Just bought a new 30" MES with a glass door.  After 3 smokes the film is getting hard to remove.  Anyone have a solution to removing the film?

Thanks and keep on Smokin'

Just George


----------



## cmayna (Jan 19, 2017)

I rarely clean the glass of my MES 40.  Why bother?  But if I were to do so, I'd probably use very hot water steamed rags or ??????  Do you realize how many wonderful smokes it took me to get the glass to look like that?   And erase it?   Now?


----------



## beuregard (Jan 19, 2017)

Use ashes out of a fireplace on a wet rag. Wipe onto glass, then wipe off with clean wet towel.


----------



## tallbm (Jan 19, 2017)

Being a new MES40 owner I've cleaned it with ashes from the pellets and a wet paper towel.  It isn't difficult work but it's more difficult than what I would like.

I THINK I may take the razor blade glass cleaning route.  When cleaning glass of sticky or stubborn stuff there are devices you put a razor into and just scrap.  As long as I don't hit the rubber around the glass I should be able to clean 95% of it safely with less effort than scrubbing with ashes and wet paper towels.

Obviously I'll hit with a wet towel at the end :)

I hope this gives some food for thought.


----------



## heavy hauler (Jan 19, 2017)

cmayna said:


> I rarely clean the glass of my MES 40.  Why bother?  But if I were to do so, I'd probably use very hot water steamed rags or ??????  Do you realize how many wonderful smokes it took me to get the glass to look like that?   And erase it?   Now?


Is that like ruining a $100 drunk on a $20 meal lol.


----------



## sigmo (Jan 19, 2017)

There's another thread about this subject on here somewhere.  And a lot of different ideas.

What I've found to work well is a teaspoon or two of TSP in a cup of warm water on a rag.

TSP is trisodium phosphate.  You can usually find it in the paint department of a hardware or "home store".

Do NOT get the all-too-common "TSP substitute".  It is NOT the same.  Read the label carefully, the manufacturers are sneaky with this.  It would be very easy to end up with the fake stuff and not realize it until you got home due what I consider to be very misleading labels.  Because TSP is a phosphate, it is a plant nutrient (good fertilizer).  Thus, if it gets into waterways, it can fertilize aquatic plants and algae, contributing to algal blooms, which can be a bad thing.  This is why efforts have been made to eliminate it from household cleaners and detergents. So manufacturers have had to come up with substitute formulas for their cleaning products.

But in some cases, the good old phosphate is far superior.   This is one such case, for sure.

Because it is such a good grease-cutter, it will dry your skin out terribly.  So use rubber gloves.  And as with many products,  you should avoid getting it in your eyes.  Eye protection is probably a good idea. 
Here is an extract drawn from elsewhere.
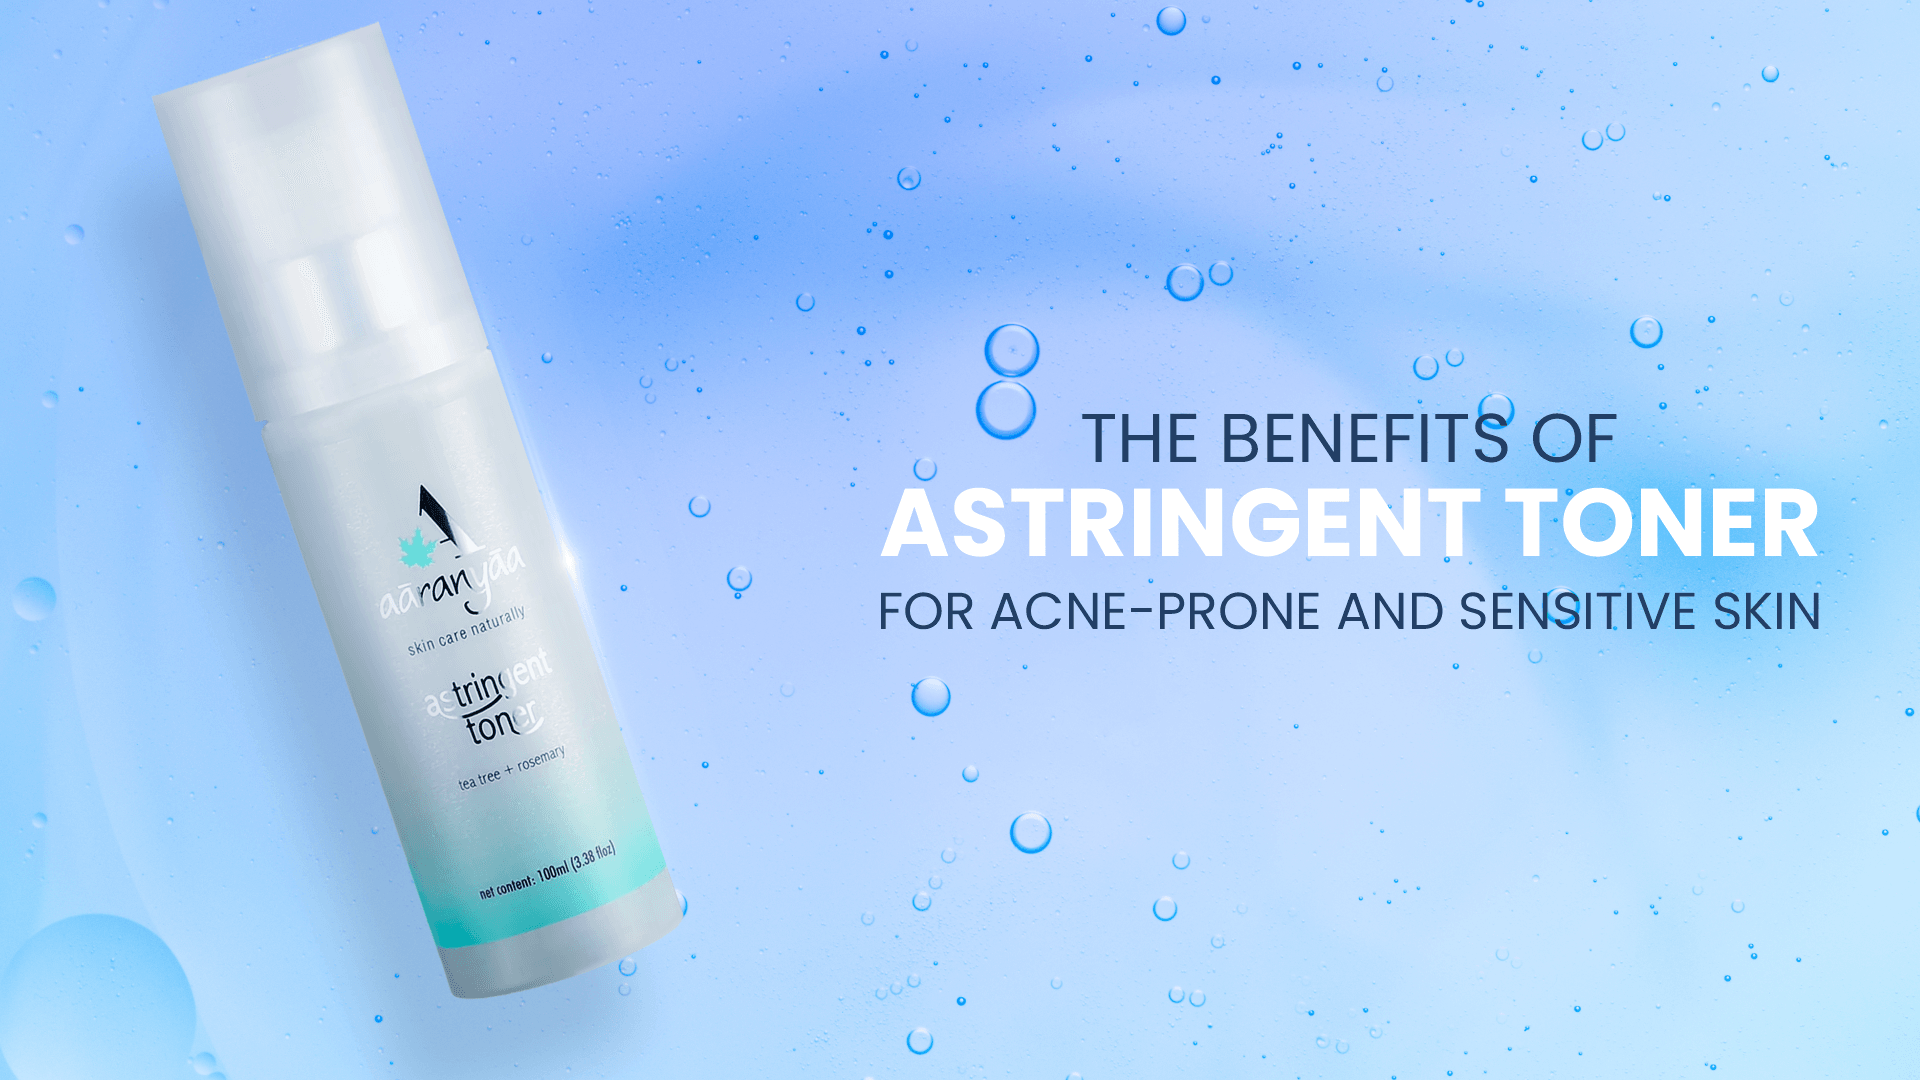 The Benefits of Astringent Toner for Acne-Prone and Sensitive Skin - aaranyaa skincare

I just toss the leftover solution out into my yard where it fertilizes my grass and bushes, so it doesn't find its way into the river here.  No guilt!

A carton of TSP will last you years because you use so little, and it's fantastic for cutting grease, oil, and that tarry creosote that builds up in a smoker.

Wipe the surface down with the TSP and let it work for a little while, then hit it again, and it works very easily and well.  I then wipe the surface down with plain water a couple of times to rinse off any cloudy residue.

I've also used cheap rot-gut vodka to good effect, but it evaporates too quickly. 

I let my window get totally cruddy for a few years, and when I finally decided to clean it, the TSP was the winner out of everything I tried.

I do find that being able to see into the smoker is a plus for judging smoke and air flow.


----------



## just george (Jan 20, 2017)

Well I sure have many great answers very quickly.  Thanks so much.

This is my first smoker with a glass door.  And as Sigmo stated above, it is nice to see what's going on inside. Not just the smoke and air flow but just to see the changes being made.  I'm sure I'll get over it after another 10 or 15 smokes.  But for now I'll try to keep lookin'.

Thanks a bunch guys and Keep on Smokin.'


----------



## SmokinAl (Jan 20, 2017)

If you clean it each time you use it & don't let the gunk get too thick.

Rubbing alcohol on a paper towel will clean it right off.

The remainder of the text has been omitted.